Несколько секунд, и я наблюдал, как он пересекает эспланаду; он спешился и исчез. Ужасное ощущение удушья охватило меня, и я едва осознавал, что они снова связывают мне руки. Адъютант вышел снова и сделал знак своей саблей.
— Мы должны двигаться дальше! — сказал сержант, наполовину в сомнении.
— Ни в коем случае, — прервал адъютант. — Он делает знак, чтобы вы привели заключенного! Вот, он повторяет сигнал; ведите его вперед.
Я очень мало знал о том, как — и еще меньше о том, почему — но мы двинулись в направлении палатки и через несколько минут стояли перед ней.
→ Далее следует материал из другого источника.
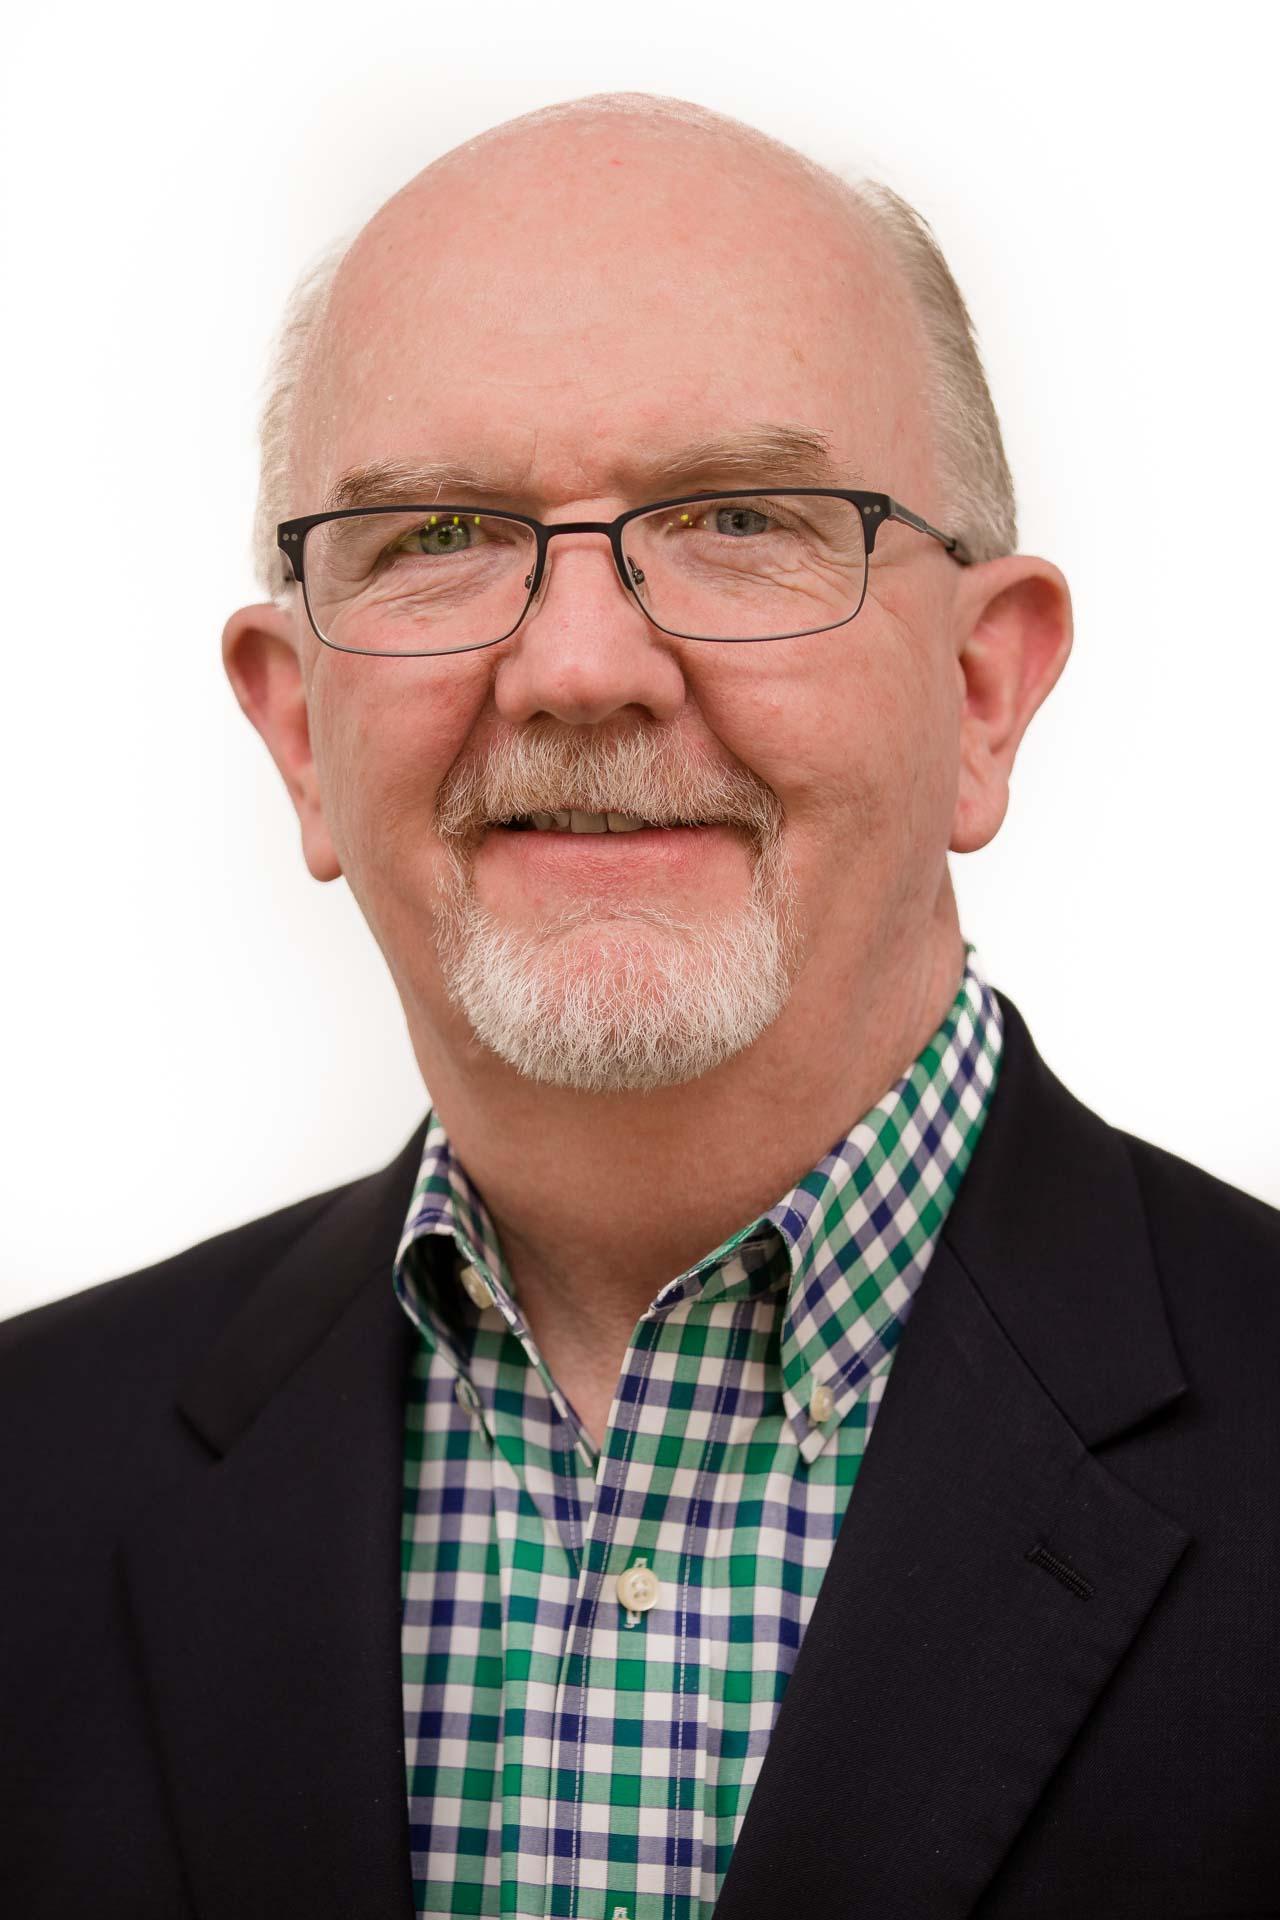 Tim Marrow

Звуки веселья и смеха, грохот голосов и звон бокалов, вместе с хриплым ревом духового оркестра, который снова заиграл, все смешалось в моем мозгу, когда, взяв меня под руку, меня повели вперед внутрь палатки, и я оказался у подножия стола, покрытого всем великолепием серебряной посуды и сияющего букетами цветов и фруктов. В тот один поспешный взгляд, который я бросил, прежде чем мои веки опустились на мои плавающие глаза, я мог видеть великолепные мундиры гостей, сидевших вокруг стола, и великолепный костюм дамы на почетном месте рядом с главой стола.
Несколько из тех, кто сидел в нижнем конце стола, отодвинули свои стулья, когда я подошел, и казались желающими дать генералу лучший вид на меня.
Подавленный несчастьем своей судьбы, стоя в ожидании смерти, я чувствовал, как будто одно слово, один взгляд раздавили бы меня еще мгновение назад; но теперь, когда я стоял там, перед этой группой зрителей, чьи глаза сканировали меня с взглядами дерзкого презрения или еще более оскорбительного любопытства, чувство гордого вызова охватило меня, чтобы противостоять и бросить им вызов взглядами, высокомерными и презрительными, как их собственные. Мне казалось таким низким и недостойным делом вызывать бедного беднягу перед ними, как будто чтобы разжечь их новый аппетит к наслаждению видом его страданий, что негодующий гнев овладел мной, и я выпрямился во весь рост и смотрел на них спокойно и твердо.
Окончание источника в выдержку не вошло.